**Available data**.
Start of Block

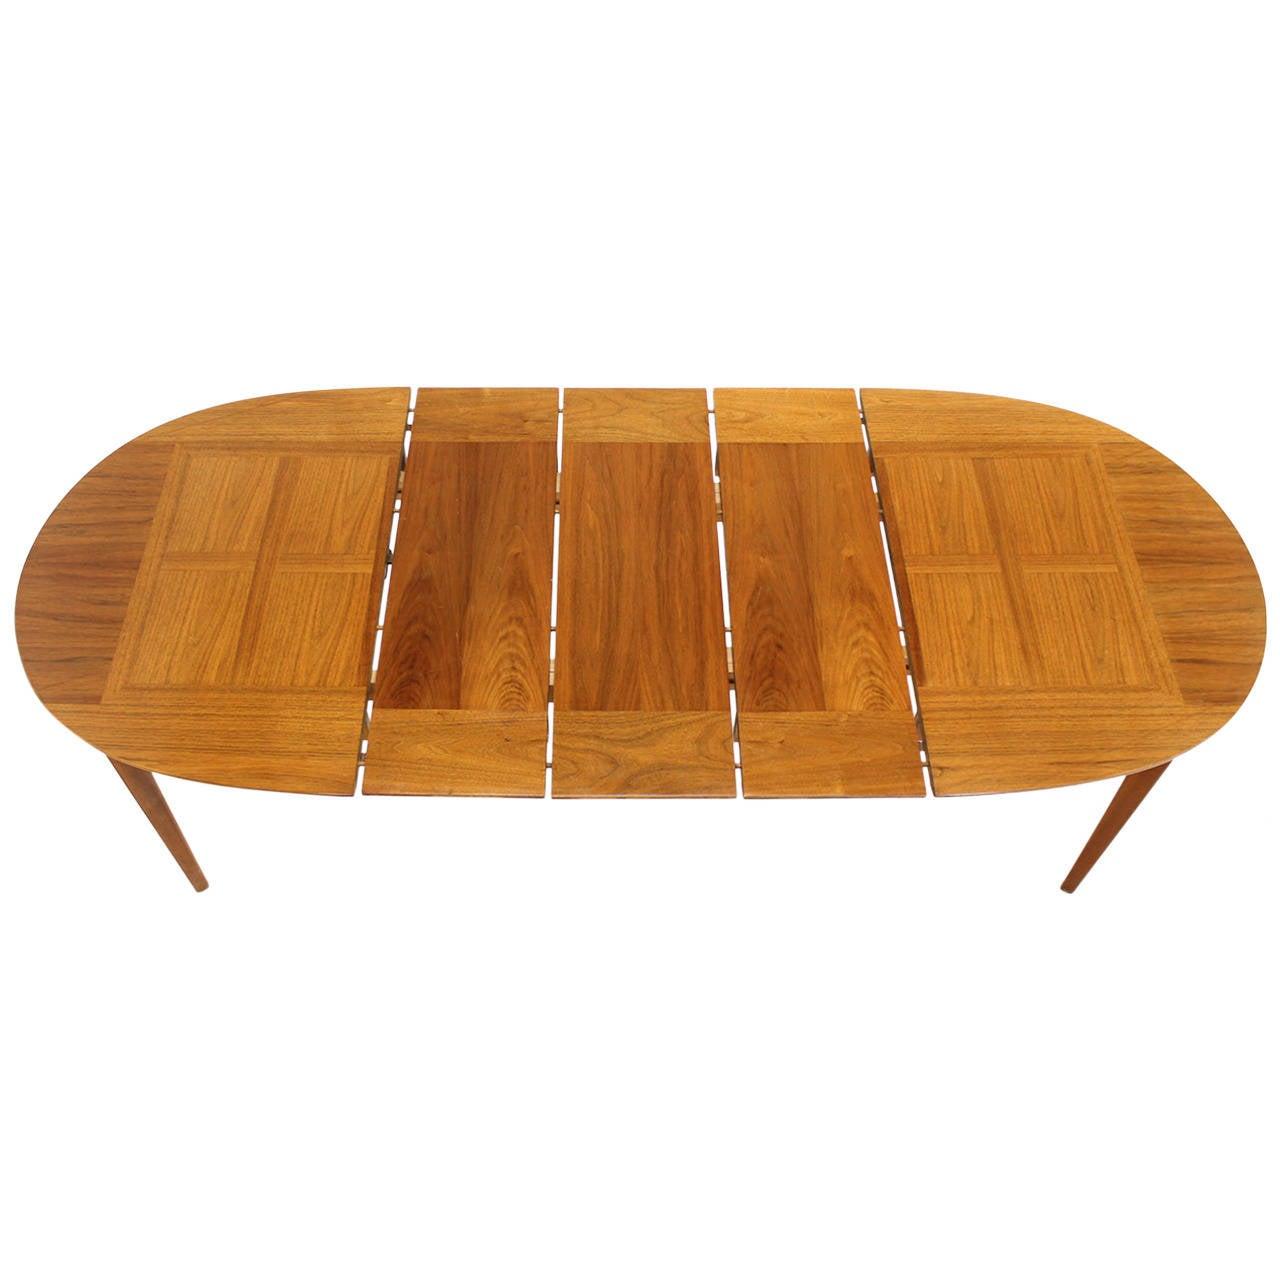 Mid Century Modern Walnut Oval Dining Table with Three  : 1465742l from www.1stdibs.com size 1280 x 1280 jpeg 89kB
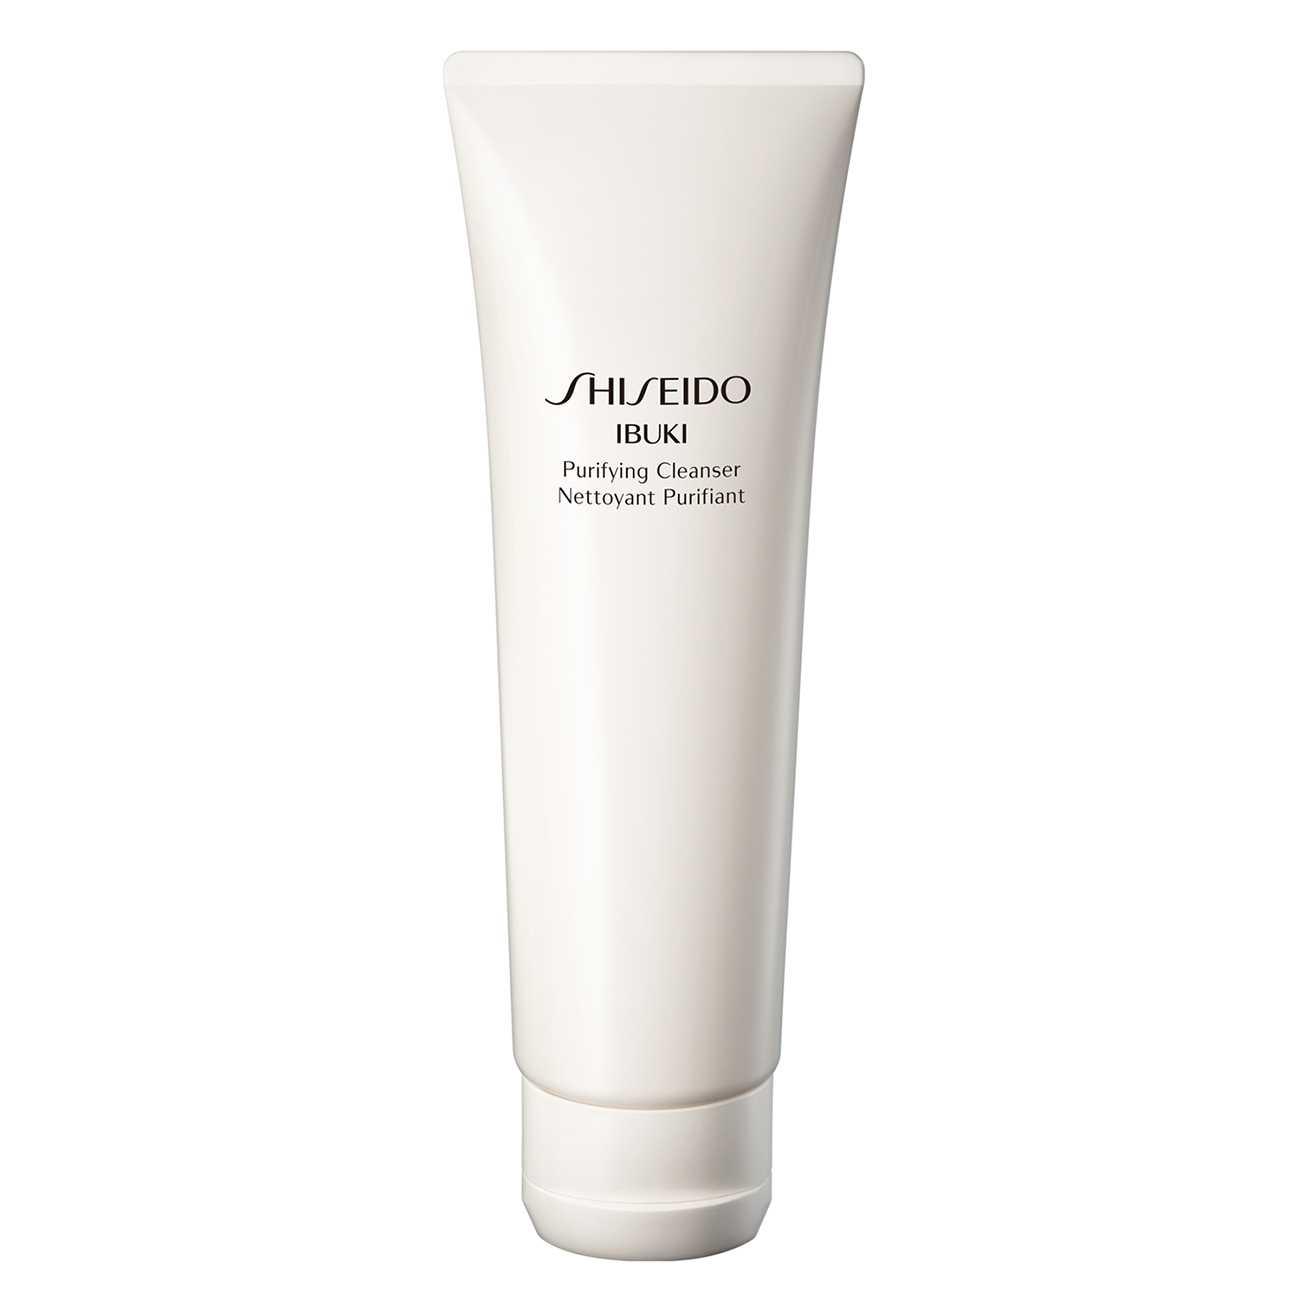 Ibuki Purifying Cleanser 125 Ml Shiseido imagine 2021 bestvalue.eu
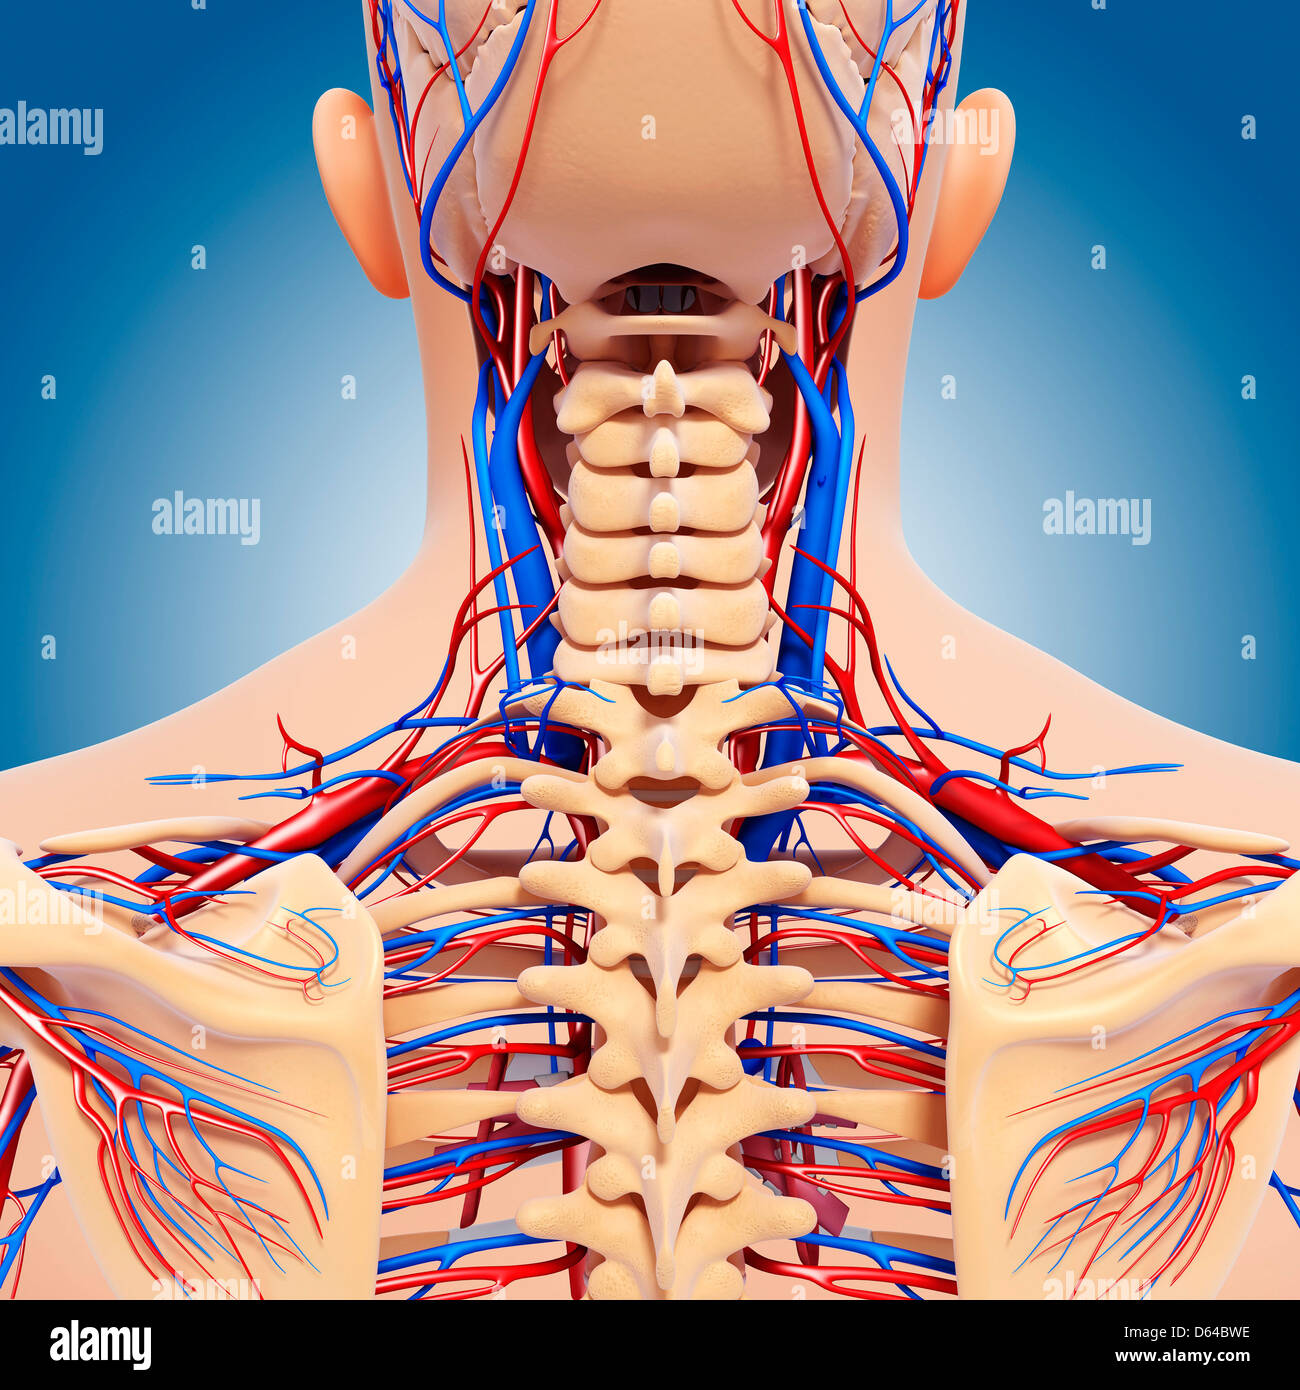 Oberkörper-Anatomie, artwork Stockfoto, Bild: 55416186 - Alamy

End of Block

**Exercise goal**. The answer must be the full listing, word for word, with no images in it.

**Answer for this exercise**.
 Mid Century Modern Walnut Oval Dining Table with Three  : 1465742l from www.1stdibs.com size 1280 x 1280 jpeg 89kB
 Ibuki Purifying Cleanser 125 Ml Shiseido imagine 2021 bestvalue.eu
 Oberkörper-Anatomie, artwork Stockfoto, Bild: 55416186 - Alamy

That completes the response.